第14回 Windows OSに標準搭載された仮想化機能「Hyper-V」:Windows Server 2008の基礎知識(3/5 ページ)
待望の標準仮想化機能「Hyper-V」が登場。今回はHyper-Vの特徴と必要システム要件、インストール方法などの概要をまとめる。
Hyper-Vを導入するには
■Hyper-Vの導入
Hyper-Vを導入するには、まず初めにサーバ・コンピュータのBIOSから以下の機能を有効にしておく必要がある(画面1)。
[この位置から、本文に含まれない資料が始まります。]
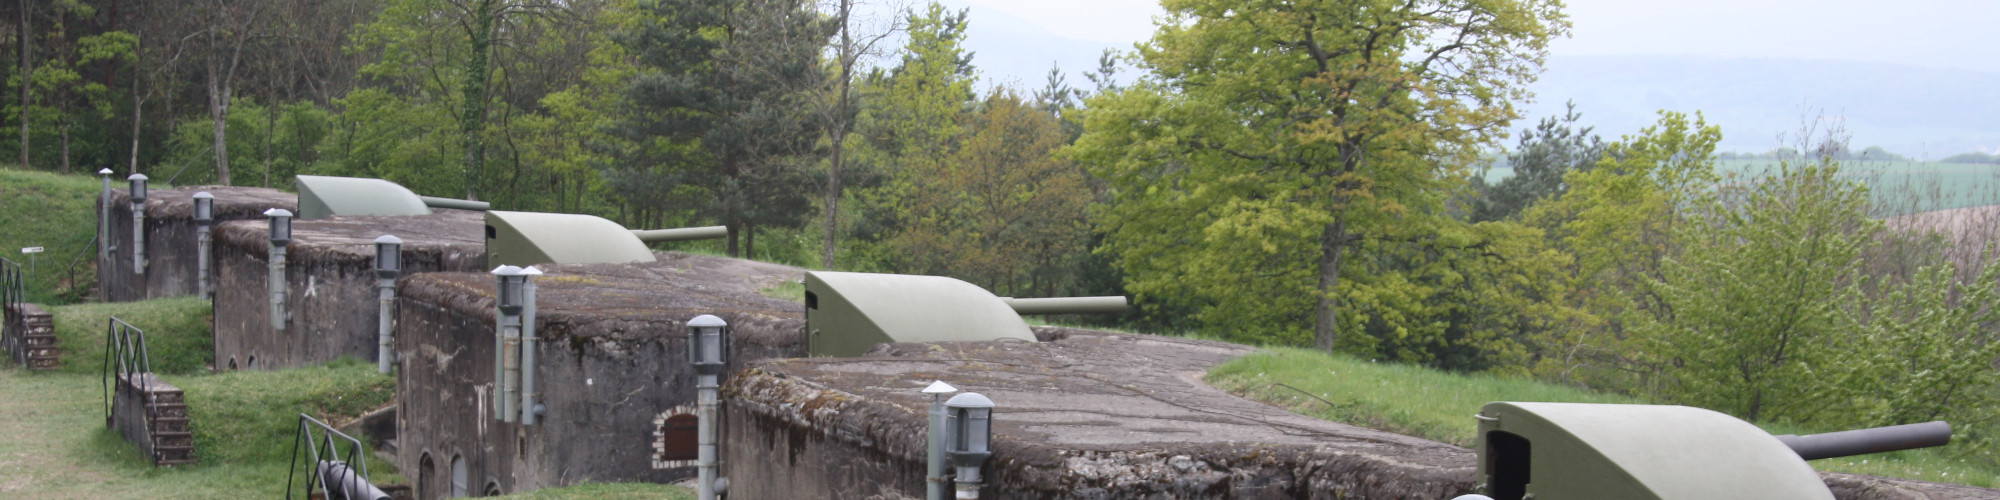 Kanonen Fort Mutzig

デフォルトでは無効になっている可能性もあるので、事前にBIOSの設定画面で確認しておくとよい。
- プロセッサの仮想化支援機能 (Intel VT、 AMD-V)
- データ実行防止機能(DEP:Data Execution Prevention)
画面1 HP ProLiant DL380G5のBIOS設定画面
Hyper-Vを利用するためには、事前にBIOSでプロセッサの仮想化支援機能とデータ実行防止機能を有効にしておく必要がある。
(1)データ実行防止機能(No-Execute Memory Protection)の項目を選択して、「Enabled」に設定する。
(2)プロセッサの仮想化支援機能(Intel Virtualization Technology)の項目を選択して、「Enabled」に設定する。
(3)設定したい項目を選択して、↑/↓で「Enabled」「Disabled」を切り替える。
以下、Windows Server 2008(x64)が「完全インストール」ですでに導入されているという前提で、Hyper-Vの導入手順を紹介する。なおHyper-Vの導入は、管理権限のあるアカウントでログインして行う必要がある。
1. Hyper-V RTM用の更新プログラム「Windows6.0-KB950050-x64.msu」をダウンロードし実行する。画面の指示に従ってウィザードを完了させ、サーバを再起動する。これはWindows Server 2008のRTM版に含まれているHyper-Vがベータ版であるため、RTM版にアップデートするための更新プログラムである。
2. 管理ツールの[サーバーマネージャ]を起動し、Hyper-V の役割を追加する。[役割の概要]内の[役割の追加]をクリックし、役割の追加ウィザードで[Hyper-V]を選択する。
3. ウィザードを進めていくと[仮想ネットワークの作成]画面が表示される。ここで選択するネットワーク・アダプタは仮想ネットワークとしての扱いになり、仮想マシンが外部ネットワーク上のほかのマシンと通信するために使用される。ネットワーク・アダプタが2つ以上ある場合には、少なくとも1つはホストOS(リモート管理)用として残すことが推奨される(画面2)。
4. 役割の追加ウィザードが完了したらサーバを再起動して、Hyper-Vの役割を有効にする。
5. 再起動後、Hyper-Vをインストールしたアカウントでログオンし、[サーバーマネージャ]の[役割]−[Hyper-V]を選択する。そこで以下のサービスが正常に起動し、「実行中」になっていることを確認する。
- Hyper-V イメージ管理サービス(vhdsvc)
- Hyper-V ネットワーク管理サービス(nvspwmi)
- Hyper-V 仮想マシン管理(vmms)
■仮想マシンの作成と設定
問題なくHyper-Vの導入が完了したら、[管理ツール]メニュー内から[Hyper-V マネージャ]を起動する。
仮想ネットワークの設定はすでにウィザードの際に完了しているが、仮想マシンを構成するファイルの保存先が、デフォルトではC:ドライブ(ホストOSのシステム・ドライブ)に設定されているため、ディスクのパフォーマンスやバックアップなどを考慮すると、別の専用ドライブに変更しておいた方がよい。左側のツリー内のホストOSのコンピュータ名を選択した状態で、右側の操作ペイン内の[Hyper-Vの設定]を選択する。[仮想ハードディスク]、[仮想マシン]と設定個所が2つあるので、それぞれ別のドライブに任意のフォルダを作成し、設定する(画面3)。